▶ **TASK INSTRUCTIONS**: Of the entries below, return exactly those lines that fall between the one containing "Null 鎏金铜和铜化的吊灯" and the one containing "北欧：青铜器上有一个小天使的图案，上面有四&hellip;", the two end lines included.

▶ **GIVEN RECORDS**:
· · · · · · ·

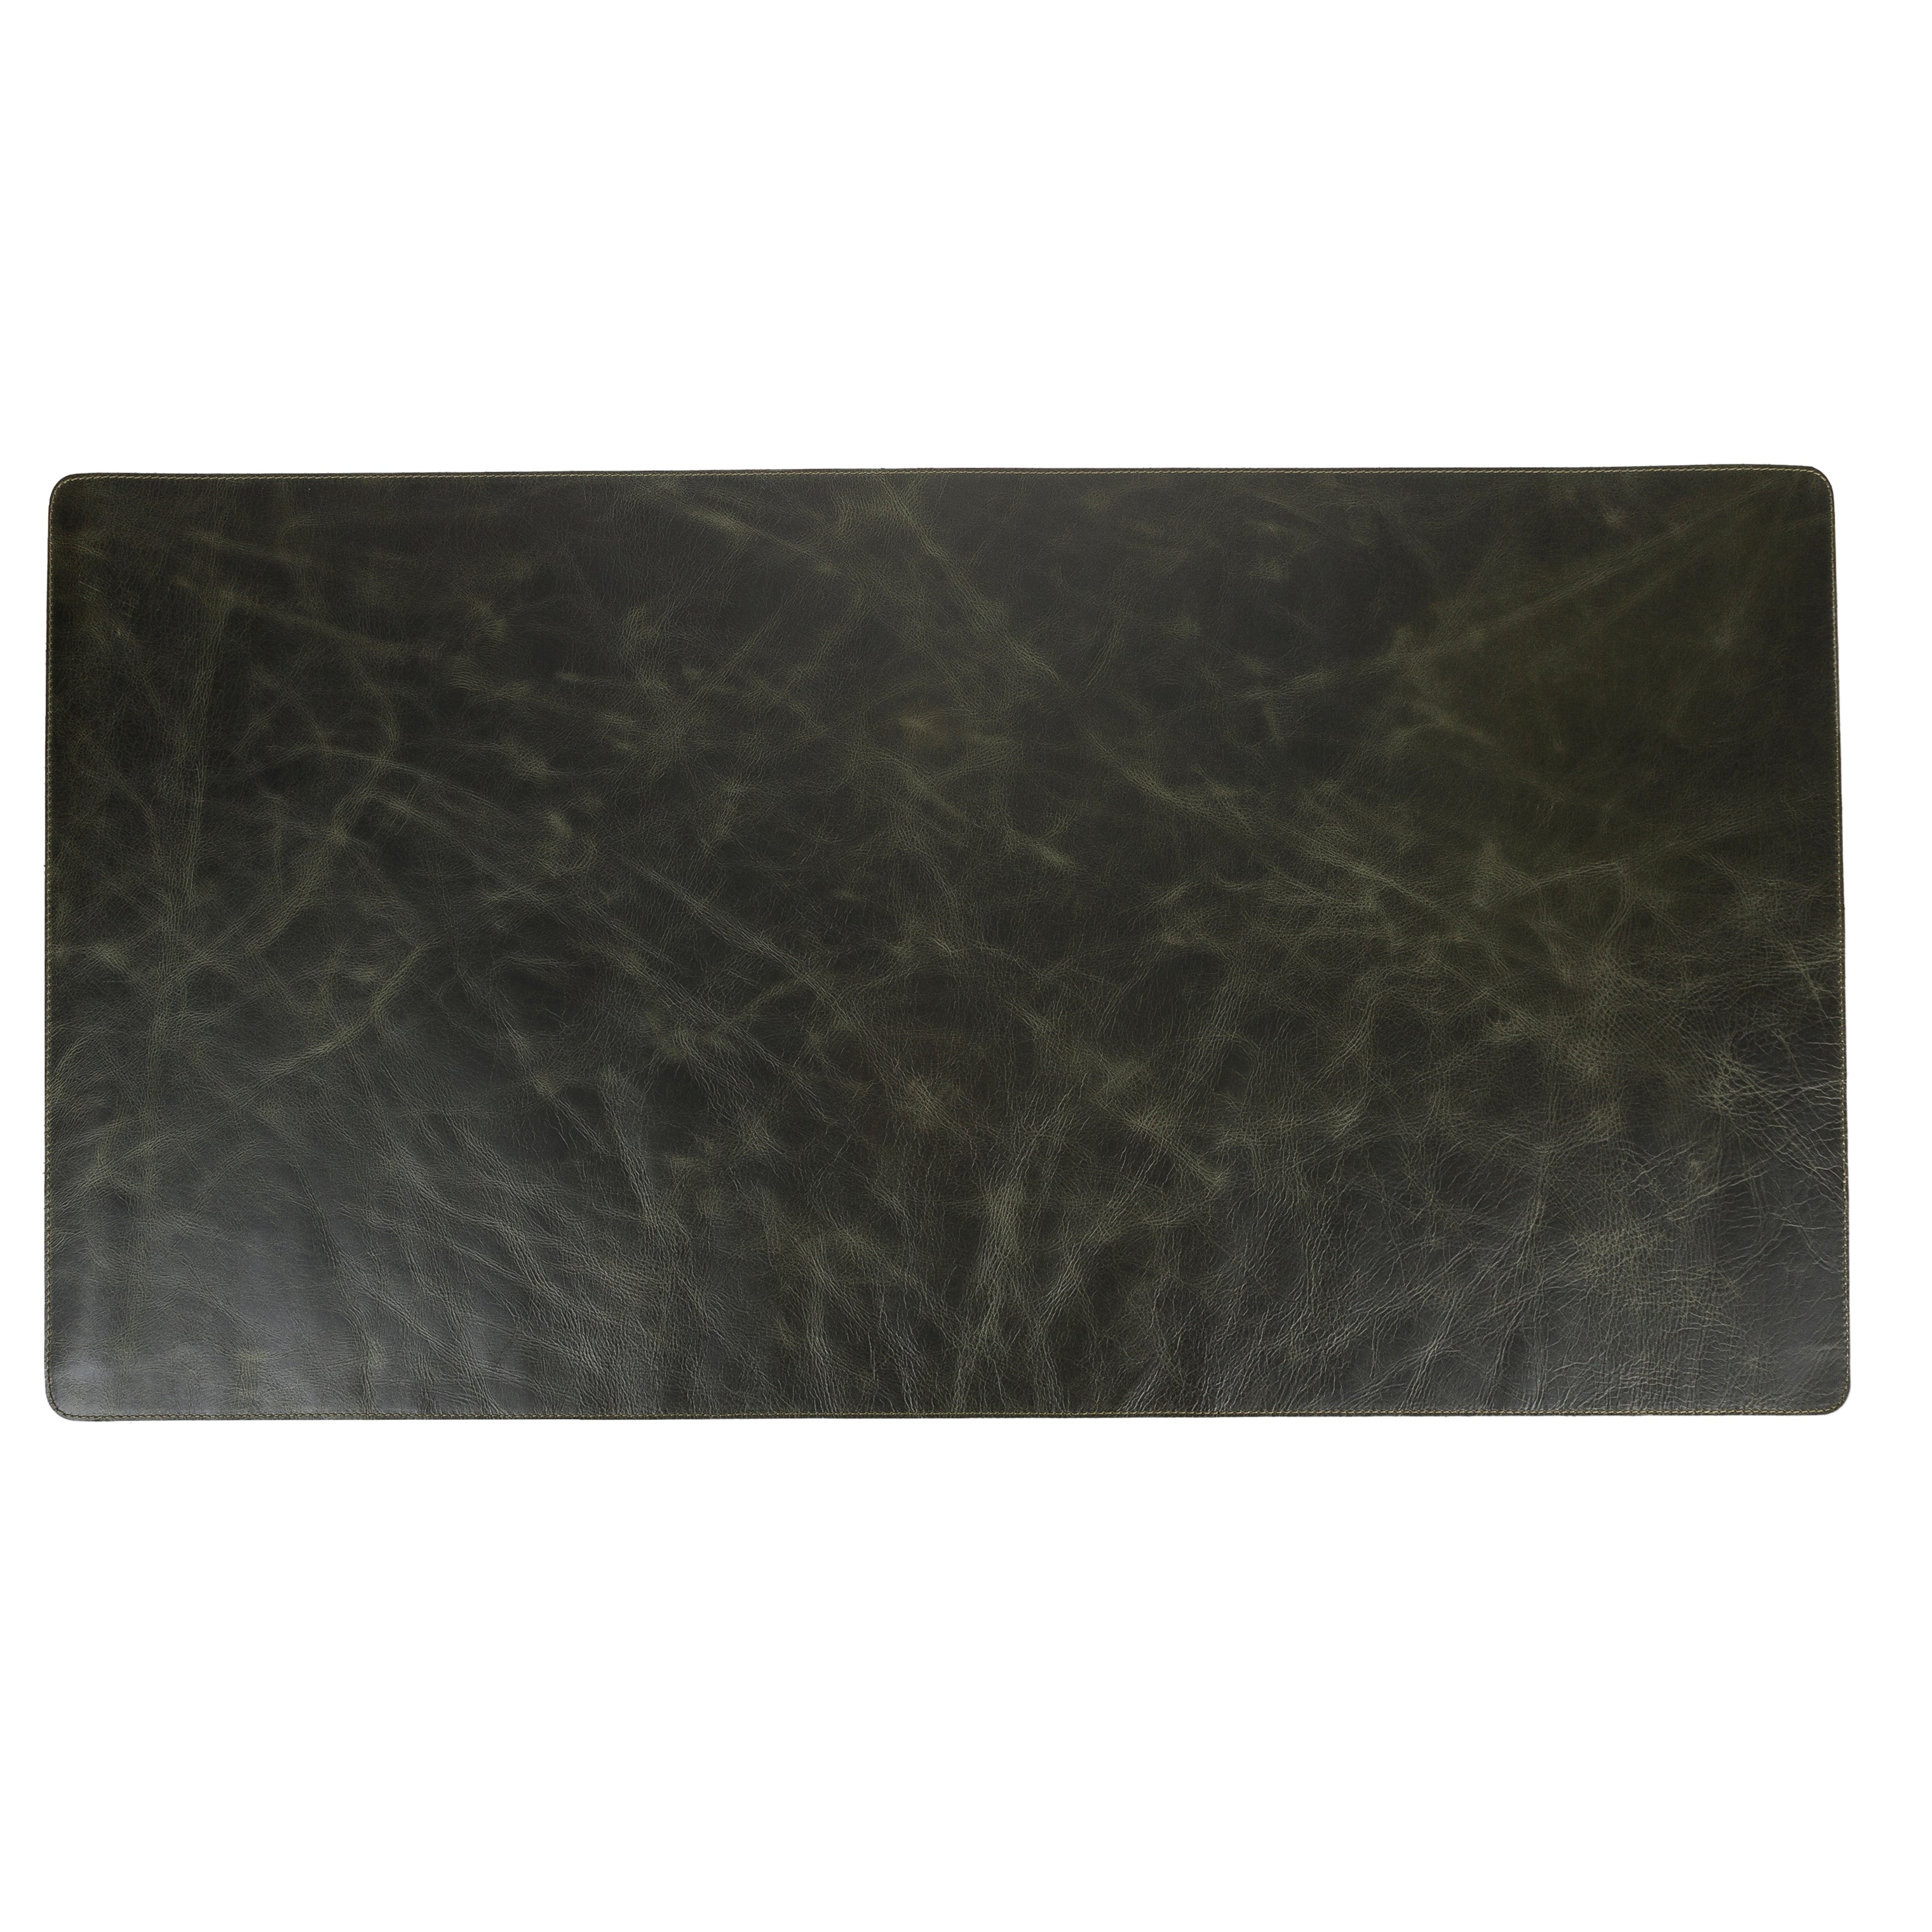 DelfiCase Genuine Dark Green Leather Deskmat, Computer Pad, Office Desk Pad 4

· · · · · · ·

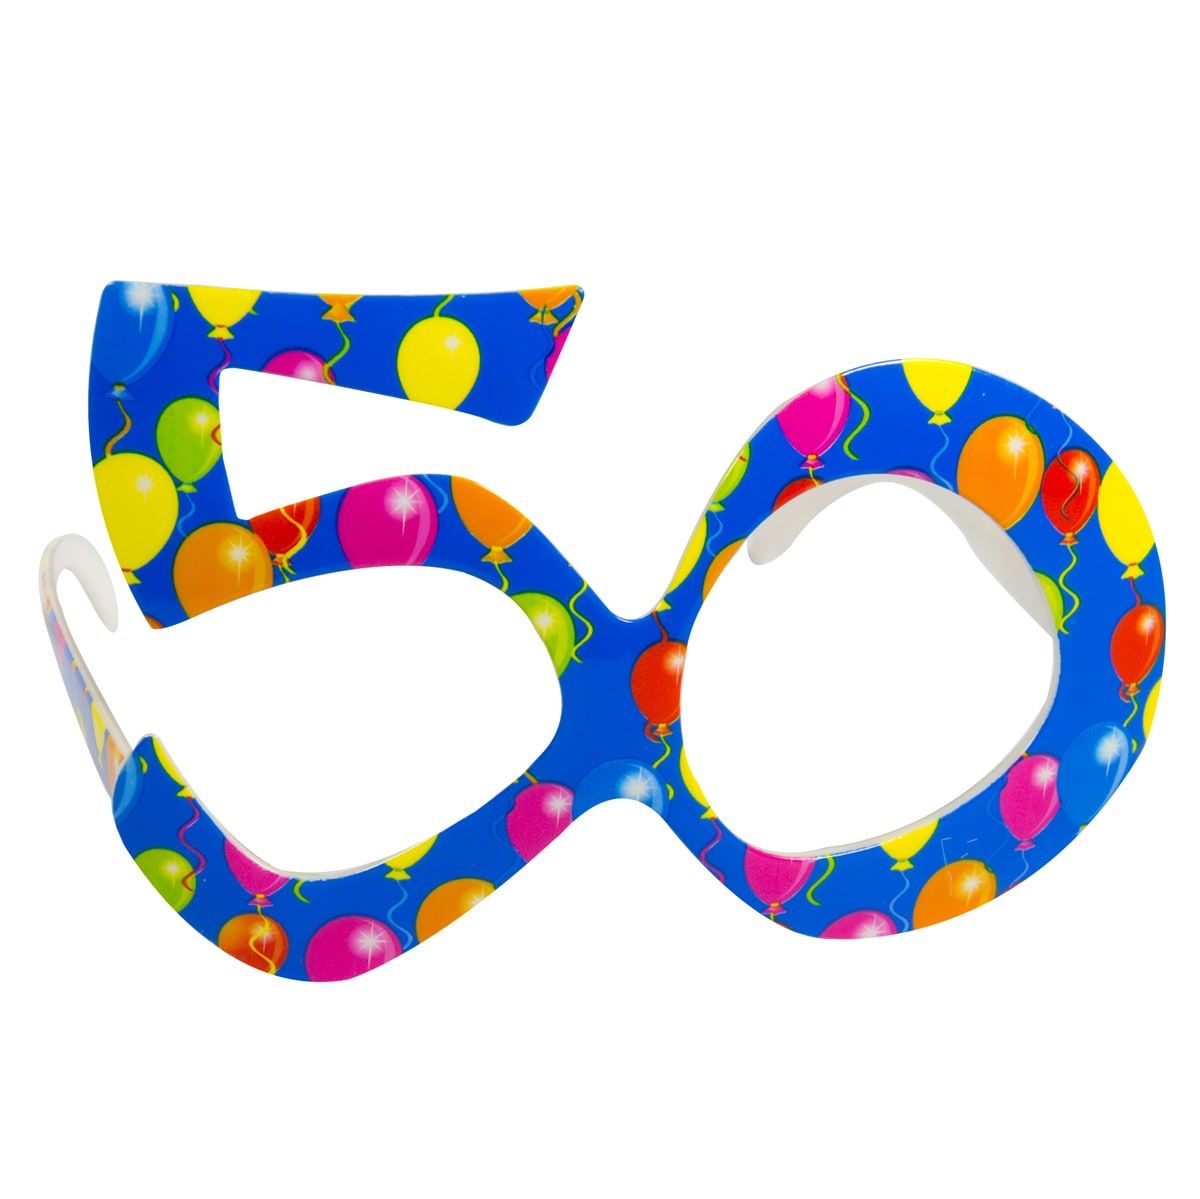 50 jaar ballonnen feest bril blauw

· · · · · · ·

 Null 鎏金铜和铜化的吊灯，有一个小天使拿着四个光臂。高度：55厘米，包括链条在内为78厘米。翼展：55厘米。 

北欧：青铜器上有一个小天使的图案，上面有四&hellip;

· · · · · · ·

▶ **OUTPUT OF THE EXERCISE**:
 Null 鎏金铜和铜化的吊灯，有一个小天使拿着四个光臂。高度：55厘米，包括链条在内为78厘米。翼展：55厘米。 

北欧：青铜器上有一个小天使的图案，上面有四&hellip;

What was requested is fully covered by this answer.